Его тягучая речь резала ей слух. Он издевается над ней! Но вместе с тем она почему-то чувствовала, что он издевается и над собой тоже. О чем это он толкует? Патриотизм… со щитом или на щите… поле брани? Не всерьез же он все это говорит? Не может же он так беспечно заявлять о том, что хочет покинуть ее здесь, на этой темной дороге, покинуть вместе с новорожденным младенцем, с женщиной, которая, быть может, вот-вот умрет, с дурой-негритянкой и насмерть перепуганным ребенком и предоставить ей самой тащить их всех по полям сражений, где кругом янки, и дезертиры, и стрельба, и бог весть что еще?
Когда-то, шестилетней девчонкой, она однажды свалилась с дерева — упала плашмя, прямо на живот. Она и сейчас еще помнит это ужасное мгновение, пока к ней не возвратилась способность дышать. И вот теперь она смотрела на Ретта и вдруг ощутила то же самое: перехватило дыхание, закружилась голова… оглушенная, она ловила воздух ртом.
— Ретт! Вы шутите?
Она вцепилась в его локоть и почувствовала, как слезы капают у нее из глаз на скрюченные пальцы. Он взял ее руку и слегка прикоснулся к ней губами.
— До конца верны себе в своем эгоизме, моя дорогая? Все мысли только о собственной драгоценной шкуре, а не о нашей славной Конфедерации?
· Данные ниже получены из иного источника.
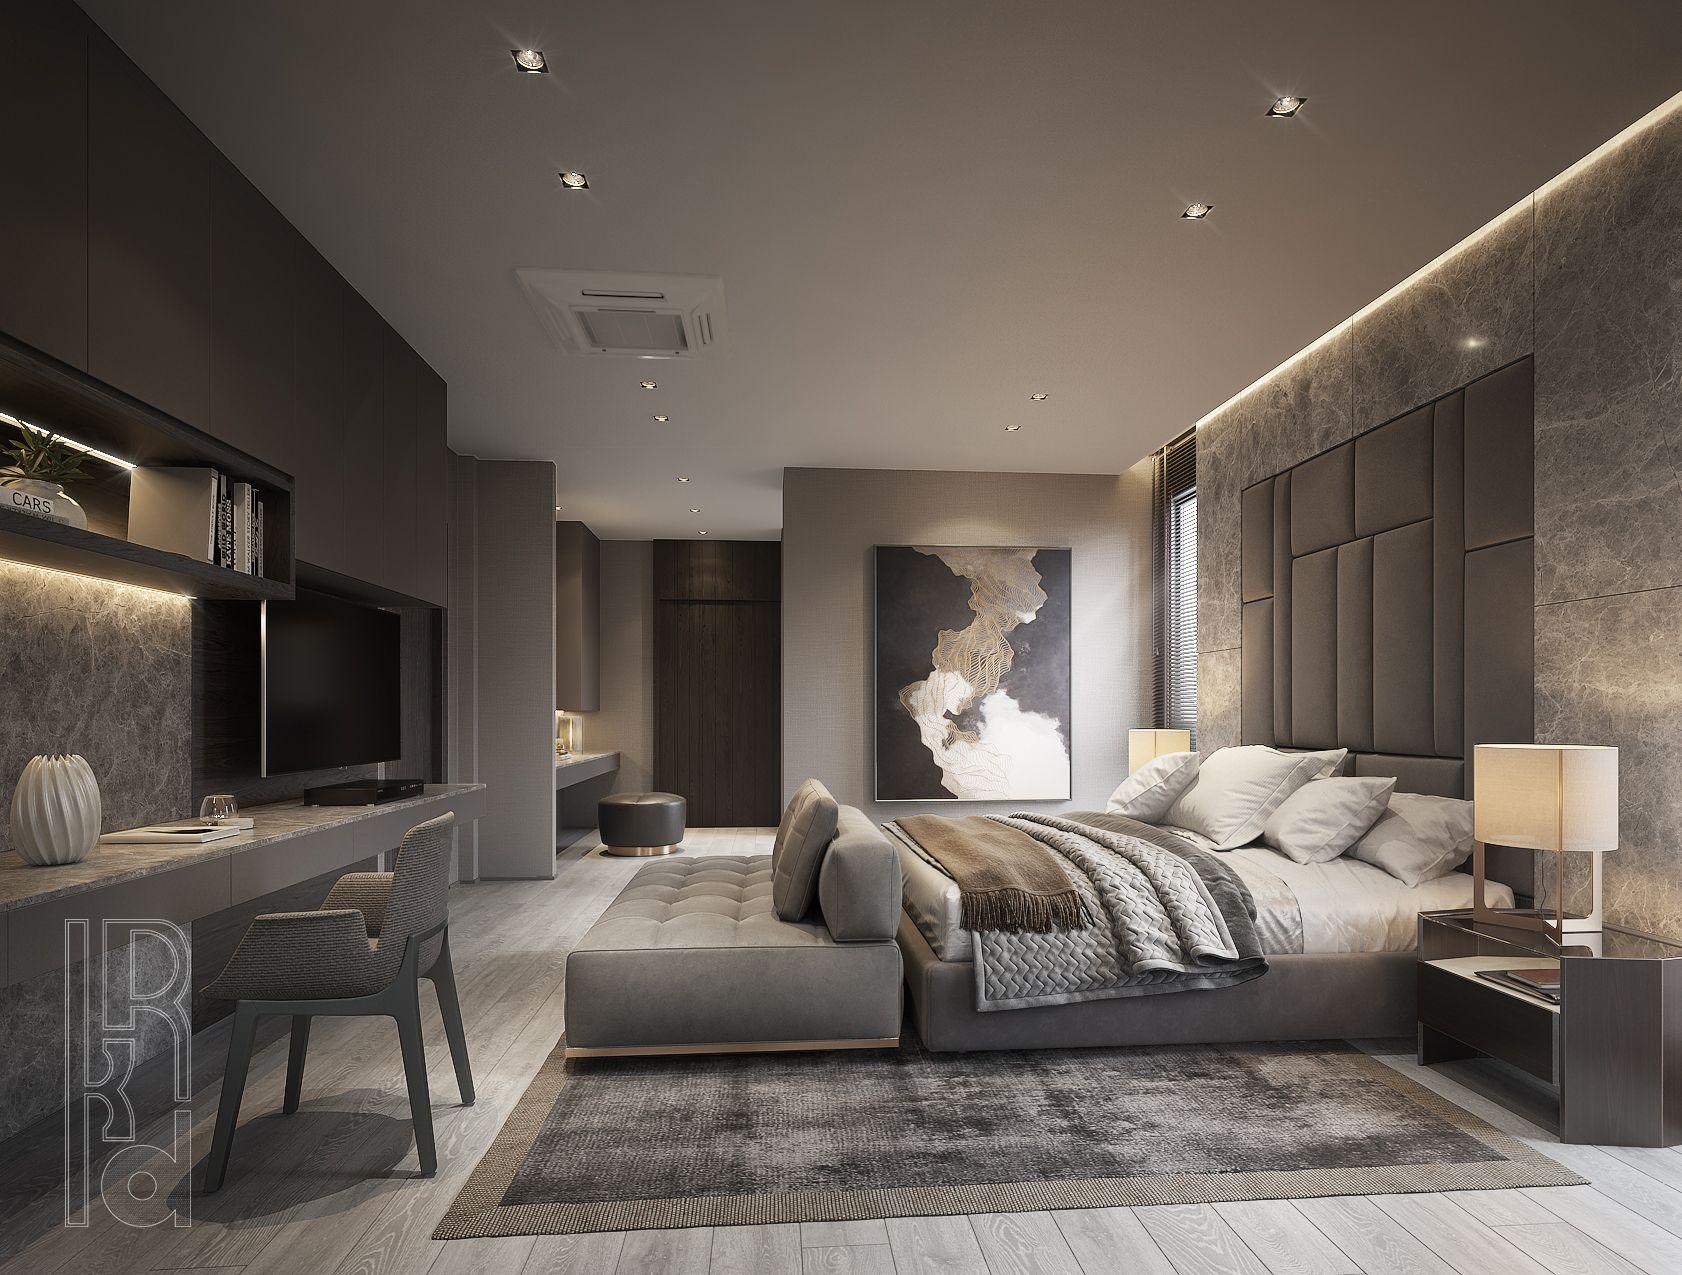 Heia Schlafzimmer Dekor Kopfteil Kopfteil Entwurf Innenarchitekt Materialien Minimalistisch Luxurious Bedrooms Luxury Bedroom Master Luxury Bedroom Design

Подумайте о том, как вдохновит наши доблестные войска мое внезапное появление в их рядах в последнюю решающую минуту! — Голос его звучал вкрадчиво и ехидно.
— О, Ретт! — всхлипнула она. — Как можете вы так поступать со мной? Почему вы покидаете меня?
— Почему? — Он беспечно рассмеялся. — Возможно, из-за проклятой чертовой сентиментальности, которая таится в каждом из нас, южан. А возможно… возможно, потому, что мне стыдно. Как знать!
— Стыдно? Разумеется, вы должны сгорать со стыда! Бросить нас здесь одних, беспомощных…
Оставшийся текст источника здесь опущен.